Montréal, le 19 février 2025. – La Centrale des syndicats du Québec (CSQ) réagit au projet de loi visant à considérer davantage les besoins de la population en cas de grève ou de lock-out déposé par le ministre du Travail, Jean Boulet, ce matin, et y voit une atteinte au rapport de force des travailleuses et des travailleurs et des organisations syndicales qui les représentent.

« Pour nous, il est clair que ce projet de loi induit une rupture dans l’équilibre des relations de travail acquis chèrement à coup de luttes syndicales, notamment devant les tribunaux, au cours des dernières années. Et c’est impossible de ne pas y voir un lien avec les dernières négociations du secteur public », de réagir le président de la CSQ, Éric Gingras.

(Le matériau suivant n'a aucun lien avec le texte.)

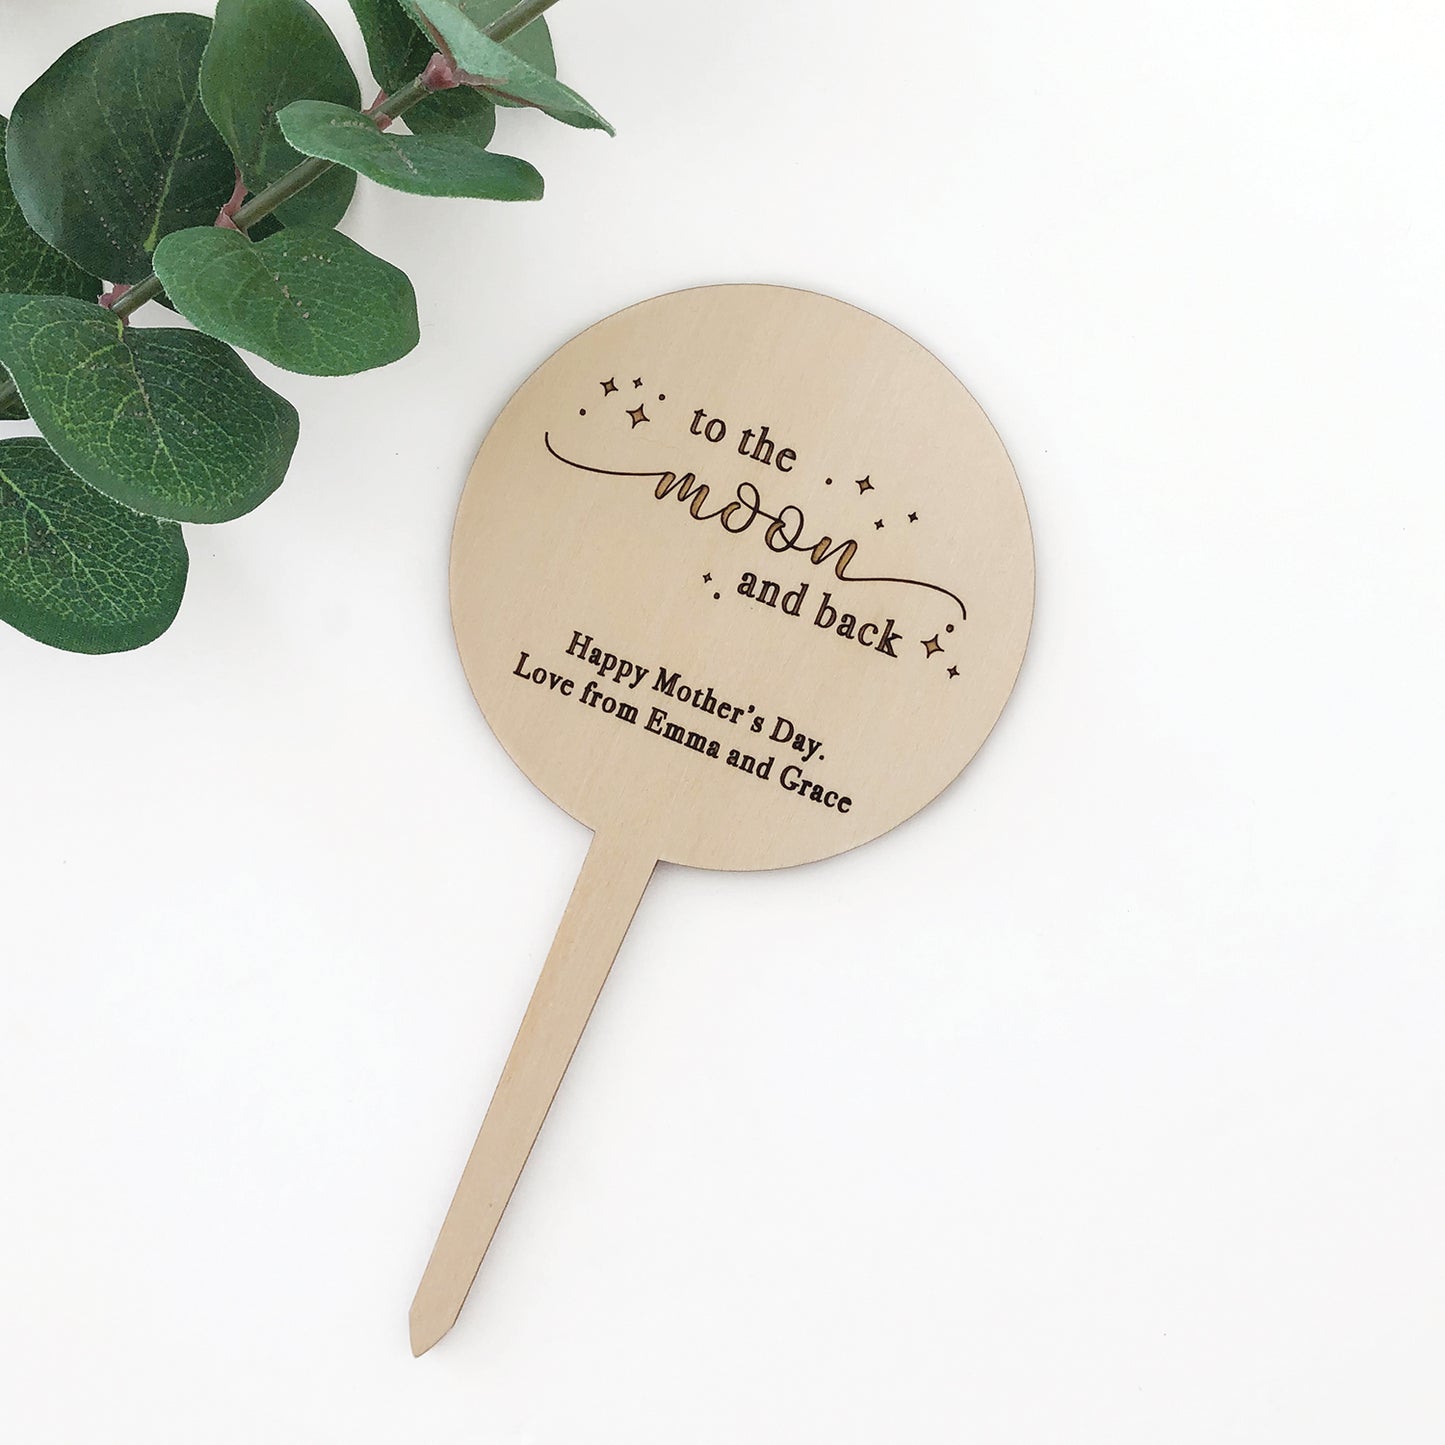 To the Moon and Back Planter Stick

Il précise aussi que, dans le contexte politique, économique et social actuel, le gouvernement, les employeurs et les organisations syndicales auront besoin de travailler ensemble et non pas l’inverse.

« Ce projet de loi n’était vraiment pas nécessaire. Le gouvernement change les règles du jeu parce qu’il n’a pas aimé comment s’est déroulée la dernière négociation du secteur public ni l’issue de celle-ci. Or, ces règles lui allaient pourtant très bien alors que, pendant des dizaines d’années, elles lui ont été favorables. J’insiste : tout ce qui nous a amenés à cette mobilisation et à ce règlement était légitime, et d’ailleurs soutenu par la population. C’est un mouvement unique qui ne s’était pas vu depuis plus de 40 ans », déplore Éric Gingras, tout en rappelant qu’un projet de loi visant à « moderniser » les relations de travail dans les secteurs public et parapublic est également attendu cet hiver.

Si la Centrale voit d’un bon œil que ce soit au Tribunal administratif du travail (TAT), et non pas directement au ministre, que revienne la responsabilité de se pencher sur quels services devront être maintenus, elle souligne que différents éléments du projet de loi seront analysés dans les prochains jours.

« Sur la nouvelle notion de services à maintenir, il faudra voir, par exemple, comment les critères sont établis, comment ils seront interprétés et quels services seront ciblés. Tout est dans les détails et dans l’application subséquente. Sur le fond des choses, au-delà des récriminations et du mécontentement que peuvent générer les conflits de travail, il n’en demeure pas moins que cet élément du projet de loi, peu importe son libellé, limite le droit de grève », explique Éric Gingras.

Par ailleurs, il est nécessaire de rappeler que, depuis l’adoption du Code du travail en 1964, qui a octroyé le droit de grève dans les services publics, les services essentiels ont toujours été centrés sur la santé et la sécurité de la population. Le glissement de cette notion sur le « bien-être » de la population nous apparaît excessivement large et risque d’entraver sérieusement le droit de grève, qui est pourtant considéré par les tribunaux comme un droit fondamental.

Nonobstant le fait que le secteur public ne sera pas touché par le nouveau mécanisme alternatif mis en place par ce projet de loi, la CSQ insiste sur le fait que c’est tout l’écosystème des négociations collectives qui sera affecté par ces changements. « Nous sommes déçus que le ministre du Travail ait tout de même choisi de jouer dans ce jeu-là », de conclure son président.